There was more sear on the other side, the picture was a bit rushed since I was hungry. But next time I'll use less salt.

Less salt isn't gonna get you more sear; if you're gonna do that whole salt-a-half-hour-in-advance thing, you kind of need to pat the steak dry (pat, don't rub) right before you put it in the pan. Wet steak means steamed meat. Dry steak means seared meat. Still, that looks pretty solid!

vvv ah, okay, that's different!

Nicol Bolas fucked around with this message at 00:35 on Jul 24, 2013

Nicol Bolas
Feb 13, 2009

twoday posted:

Guys, I need some help:

A friend of mine has some steaks, but he wants to eat burgers. He's telling me he is going to try to grate the steaks with a box grater.

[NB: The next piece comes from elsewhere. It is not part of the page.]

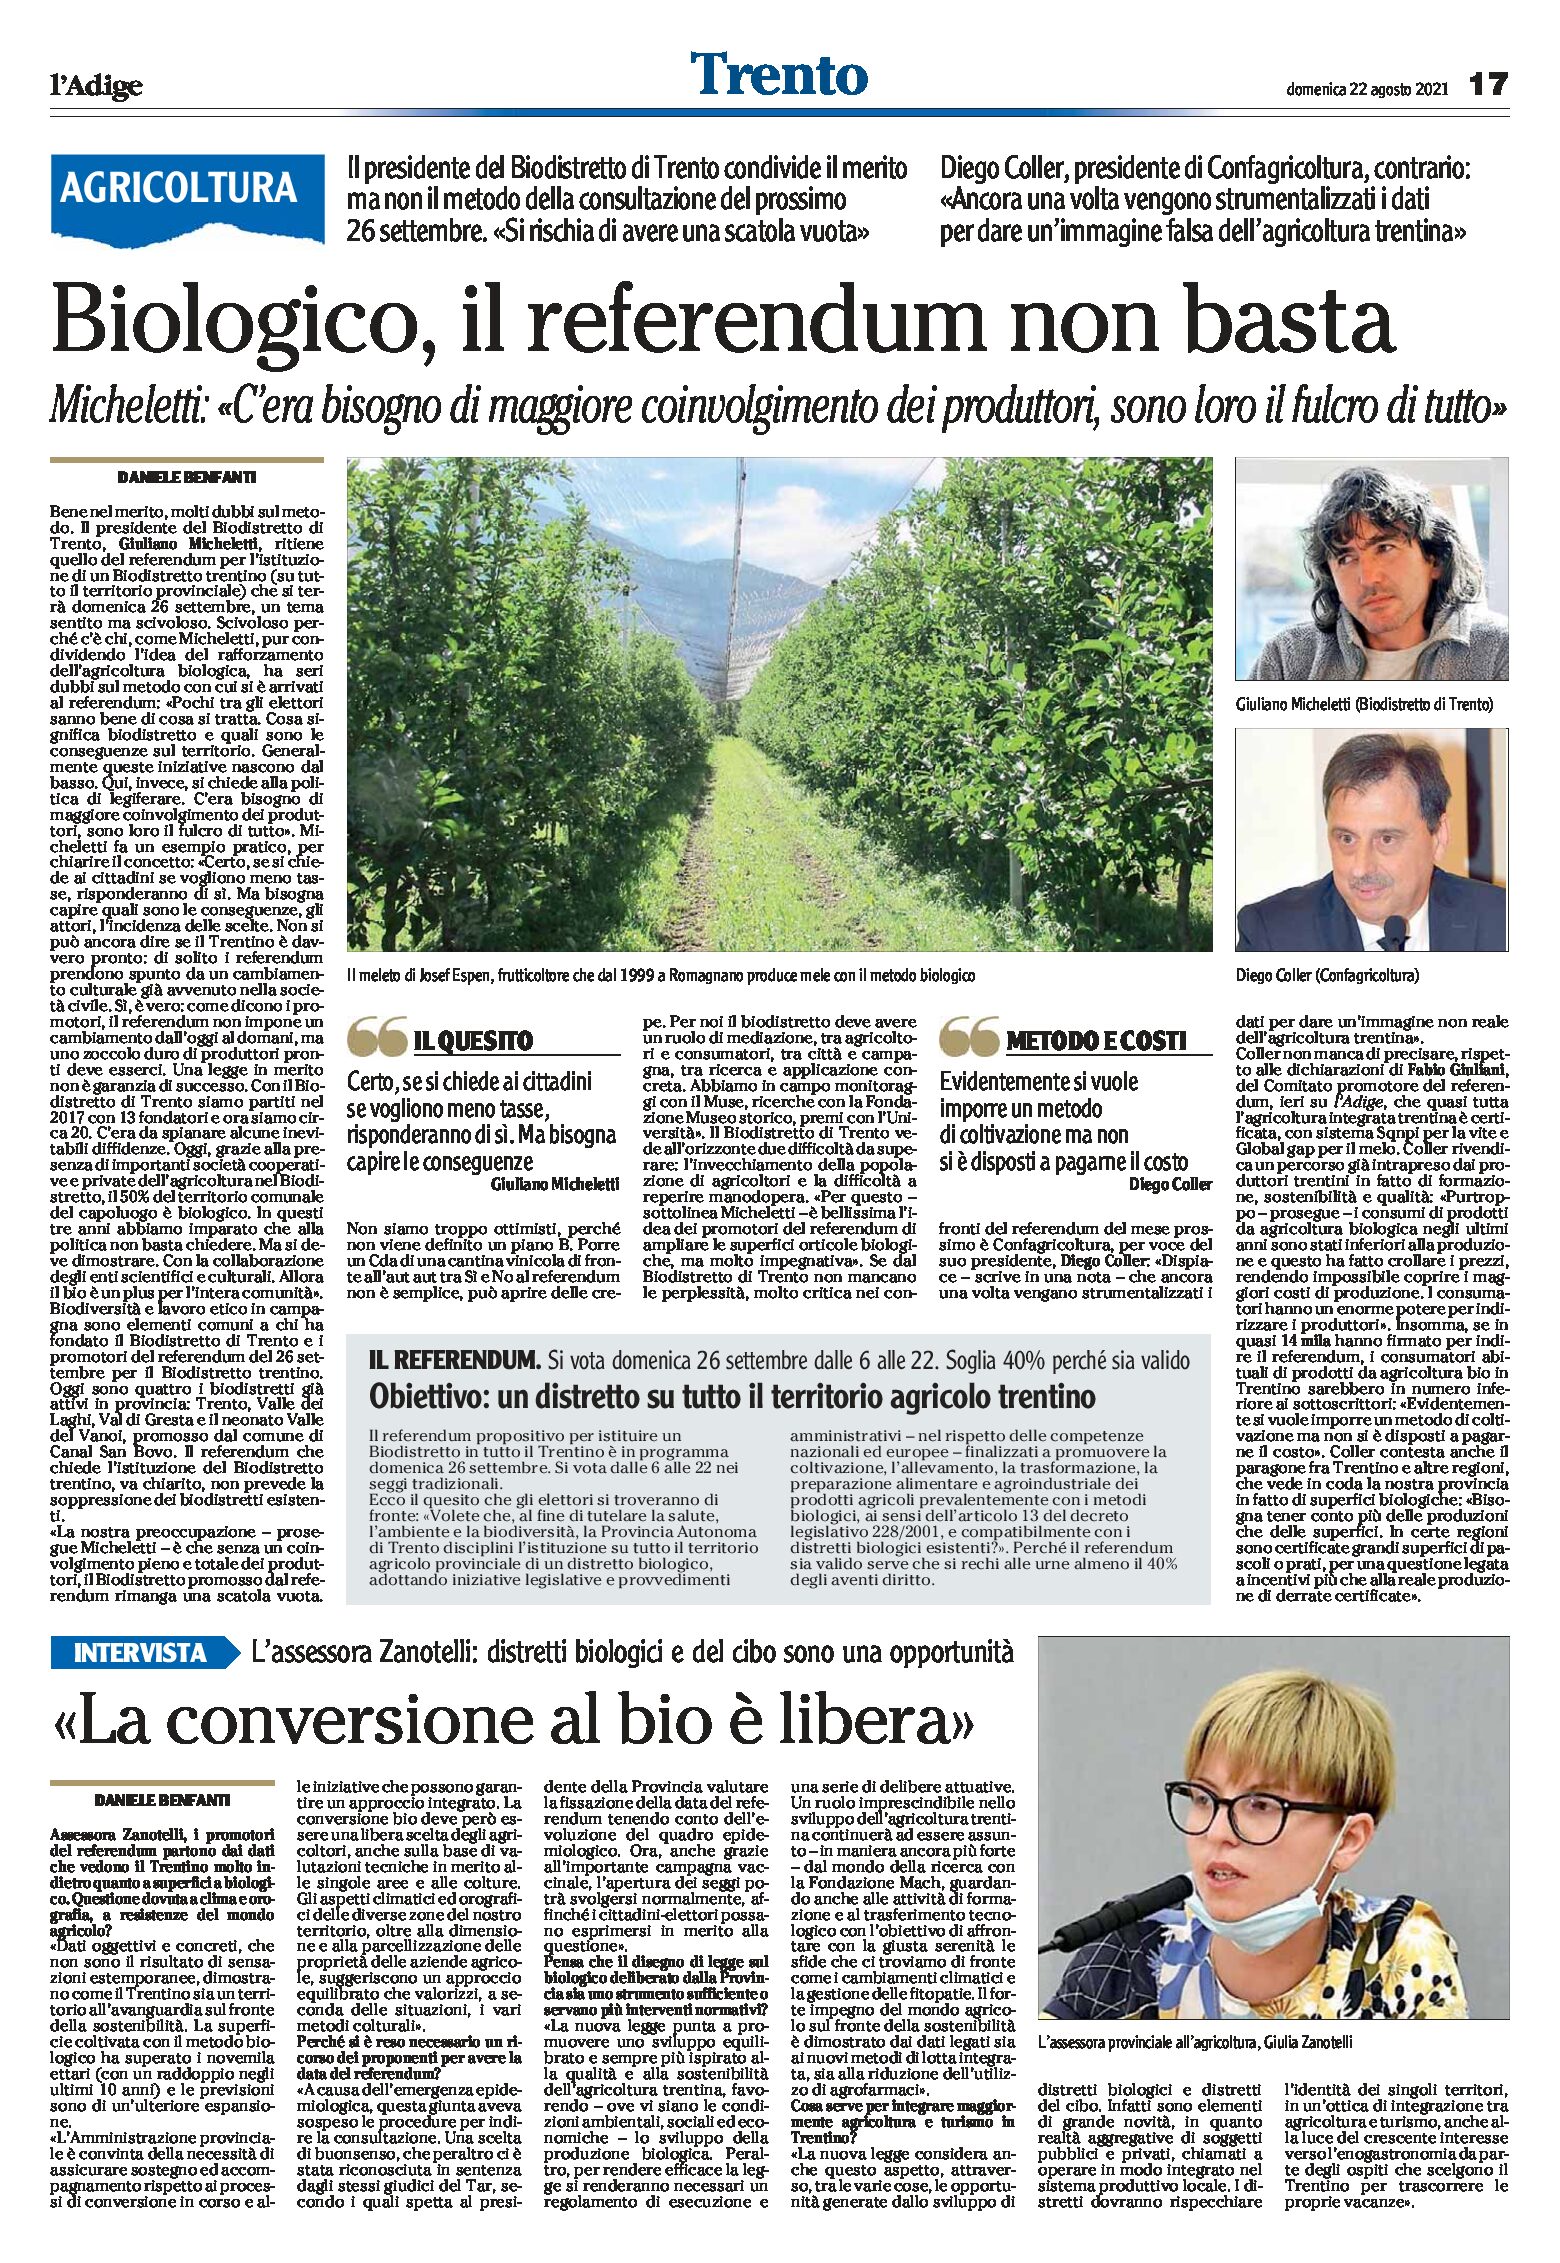 Trento, biologico: il referendum non basta

He won't even consider using a food processor. I keep telling him that it isn't going to work and that I think it's insane but he won't listen and I don't know how to stop him. What should I do?

Sit back and laugh when it fails miserably? Take his steaks away from him and tell him he's lost his steak privileges thanks to his irresponsible use of steak? Google "how to make ground beef from steak" and show him that not even the fetid depths of Yahoo Answers suggests a loving box grater because jesus loving christ a box grater are you kidding me?

Alternatively, queue up a bunch of cooking shows and articles that illustrate the correct method of creating ground meat, i.e. with a meat grinder.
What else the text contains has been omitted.